I also got the Samsung Galaxy 3 I5801 for my kin. I have read that the Android 2.2 Froyo update is available for this phone at the expense of a few bugs. Do you guys think it's a good option to upgrade and can we expect fixes of these bugs from Samsung?


----------



## Ganeshkumar (Apr 20, 2011)

^^^
Your model Galaxy SL I9003 comes with Froyo only...


----------



## wwwescape (Apr 20, 2011)

Ganeshkumar said:


> ^^^
> Your model Galaxy SL I9003 comes with Froyo only...



Not for my Samsung Galaxy S GT Black I9003. I was talking about the update for the Samsung Galaxy 3 I5801.

Anyways I just upgraded the Samsung Galaxy 3 I5801 to Android 2.2 Froyo and hardly encountered any of the bugs that have been surfacing all over the internet... I'll let you know if I face any more problems...


----------



## furious_gamer (Apr 20, 2011)

wwwescape said:


> I finally got the Samsung Galaxy S GT Black I9003... and it's awsome...
> 
> I have 1 question. How do I transfer all my precious SMSes from my old Sony Ericsson K750i to my new Samsung Galaxy S GT Black I9003?
> 
> I also got the Samsung Galaxy 3 I5801 for my kin. I have read that the Android 2.2 Froyo update is available for this phone at the expense of a few bugs. Do you guys think it's a good option to upgrade and can we expect fixes of these bugs from Samsung?

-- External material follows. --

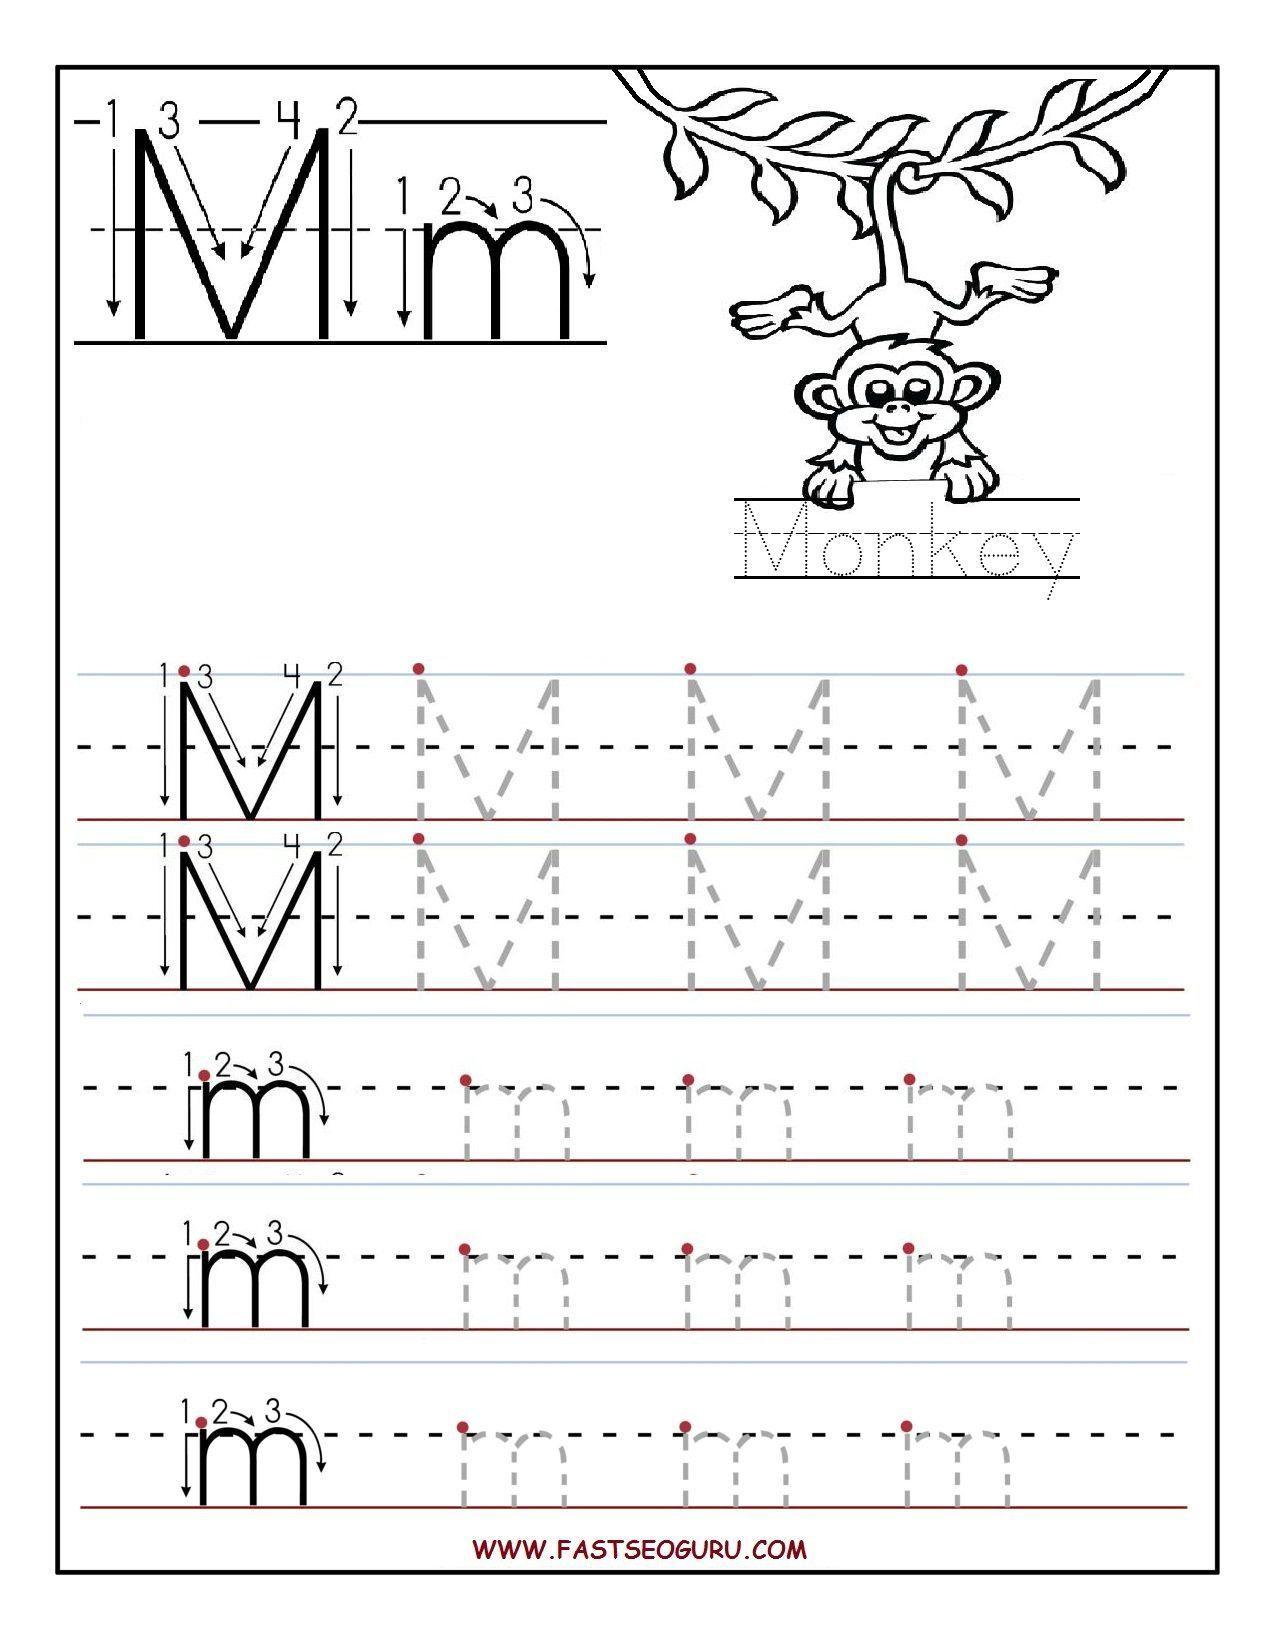 Printable Letter M Tracing Worksheets For Preschool Bobbi

It comes with Froyo. Regd SMS Backup's, copy all SMS to SD card and try to restore it in SL using PC Studio app.

Galaxy 3 I5801 is bad option. Better get LG O1. Solid phone, comes with Froyo.


----------



## desiibond (Apr 20, 2011)

I would suggest to increase budget just a bit and get HTC Desire S. I am sceptical about devices like galaxy SL and other lower galaxy devices to get gingerbread and above. And I have a feeling that Desire S will get updates beyond Gingerbread.


----------



## Aditya11 (Apr 20, 2011)

The OP has ALREADY PURCHASED Galaxy SL and Galaxy 3. I don't why people are still suggesting alternatives. 



wwwescape said:


> Anyways I just upgraded the Samsung Galaxy 3 I5801 to Android 2.2 Froyo and hardly encountered any of the bugs that have been surfacing all over the internet... I'll let you know if I face any more problems...



Do try out custom ROM for G3. Its really awesome, with overclocked CPU and super smooth performance.


----------



## wwwescape (Apr 20, 2011)

Yes guys... I already purchased both the Samsung Galaxy S I9003 and Samsumg Galaxy 3 I5801 (which has been upgraded to Android 2.2 Froyo)...

Will update this thread with any bugs found in the updated Android 2.2 Froyo though...


----------



## furious_gamer (Apr 20, 2011)

wwwescape said:


> Yes guys... I already purchased both the Samsung Galaxy S I9003 and Samsumg Galaxy 3 I5801 (which has been upgraded to Android 2.2 Froyo)...
> 
> Will update this thread with any bugs found in the updated Android 2.2 Froyo though...



Post all the problems/opinions in this thread 

*www.thinkdigit.com/forum/mobile-monsters/139531-official-samsung-galaxy-sl-i9003-thread.html

Make it available at one place, so that someone going to buy this will get much info.


----------



## wwwescape (Apr 20, 2011)

No problems with my Samsung Galaxy S I9003 as yet... but is there a thread for Samsung Galaxy 3 I5801 as that's the phone I upgraded to Android 2.2. Froyo...


----------



## furious_gamer (Apr 20, 2011)

wwwescape said:


> No problems with my Samsung Galaxy S I9003 as yet... but is there a thread for Samsung Galaxy 3 I5801 as that's the phone I upgraded to Android 2.2. Froyo...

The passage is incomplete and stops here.